"Gefahr für Leib und Leben": So wild geht es auf der illegalen Rennstrecke des Frankenwalds zu
Autor: Sandra Hackenberg
Kronach, Samstag, 18. Juli 2020
Wegen ihrer Kurven ist die Strecke zwischen Schauberg und Jagdshof vom Geheimtipp in der Bikerszene zur illegalen Rennstrecke mutiert. Anwohner berichten von kuriosen bis lebensgefährlichen Szenen.
Dort oben, wo die Langenau in die Tettau mündet und sich der Frankenwald von seiner märchenhaftesten Seite zeigt, liegt der 140-Seelenort Schauberg. Doch die Postkartenidylle an der Grenze zu Thüringen trügt: Seit die Landesstraße zwischen Schauberg und Jagdshof vor drei Jahren freigegeben wurde, ist sie zur illegalen Rennstrecke mutiert.
14 Kurven auf 3,4 Kilometern Länge locken Motorrad-Raser aus ganz Deutschland und sogar dem Ausland an. Dass dort rennstreckenmäßig geheizt werden kann, hat sich in der Szene längst herumgesprochen. Erst am vergangenen Wochenende sollen laut der Polizei Sonneberg wieder Rennen stattgefunden haben. Die Beamten haben vor Ort dutzende Motorradfahrer angetroffen - von 16 Personen wurden die Personalien aufgenommen.

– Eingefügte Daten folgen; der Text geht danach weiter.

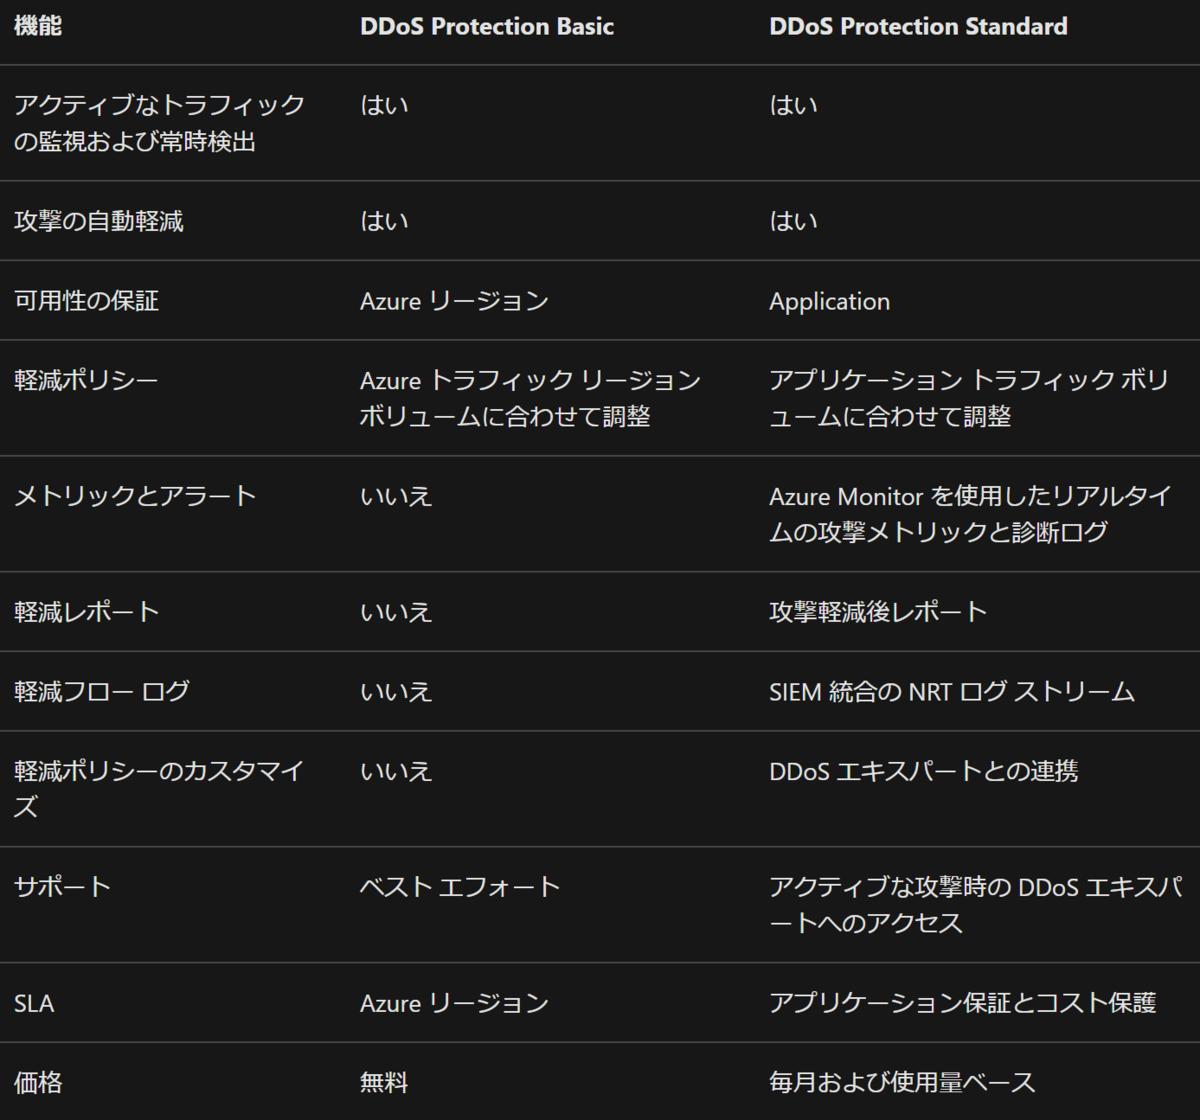 f:id:shizuuuka0202:20200126224511p:plain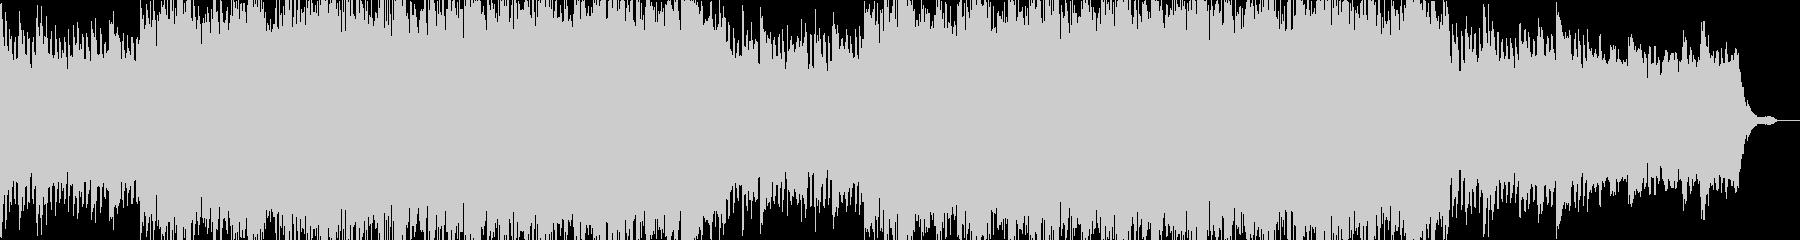 企業VP9 16bit48kHzVerの未再生の波形

Überholmanöver in den Kurven
Zu den Stoßzeiten am Wochenende sollen sich bis zu 60 Biker auf und am Rande der Strecke aufhalten. Werktags hält sich das Aufkommen zwar in Grenzen - los ist trotzdem einiges, wie sich vor Ort zeigt. Das Brummen der Maschinen ist am vergangenen Dienstagabend bereits in Schauberg zu hören.
Nach dem Ortsschild dauert es nicht lange, bis der erste Motorradfahrer in lederner Rennmontur entgegenkommt. "Würde mich nicht wundern, wenn der gleich wieder hinter uns auftaucht", kündigt der Informant an, der das Auto fährt und lieber anonym bleiben möchte. "Die fahren die Strecke mehrmals hintereinander auf und ab und werden dabei immer waghalsiger."
Getränkestützpunkt mit Bierbank
Er soll recht behalten: Etwa auf halber Strecke taucht besagter Fahrer mit Gothaer Kennzeichen urplötzlich wieder hinter dem Fahrzeug auf und überholt, obwohl die beginnende Kurve nicht einsehbar ist. Das Spiel wiederholt sich am Ende der Strecke ein weiteres Mal. "Das muss man sich mal vorstellen: Die fahren 100 Kilometer aus Gotha her, um dann hier zu rasen."
In einer Einmündung haben fünf weitere Fahrer ihre Maschinen abgestellt. Sie sitzen auf einer Bierbank, beobachten die Fahrt ihres Kollegen und trinken Malzbier. Dann laufen sie die Straße ab und inspizieren eine mit Sand abgedeckte Ölspur. "Die ist ganz frisch. Da hat einer wieder den Abflug gemacht", mutmaßt der Informant. Lediglich zwei Unfälle wurden im vergangenen Jahr dokumentiert. Die Dunkelziffer liegt wohl viel höher. Bremsspuren auf dem Asphalt und Dellen in den Leitplanken sind stille Zeugen unzähliger Stürze - die Gemeindeverwaltung Judenbach schätzt mehrere pro Woche.
100 km/h zu schnell
Wegen den vielen Kurven ist die Geschwindigkeit auf der gesamten Strecke auf 70 Stundenkilometer begrenzt - der Informant berichtet von bis zu 170 km/h, von Kameras, die an den Maschinen angebracht werden, um die Manöver zu filmen und von Rowdys, die ihre Maschine auf dem Hinterreifen durch Schauberg bugsieren.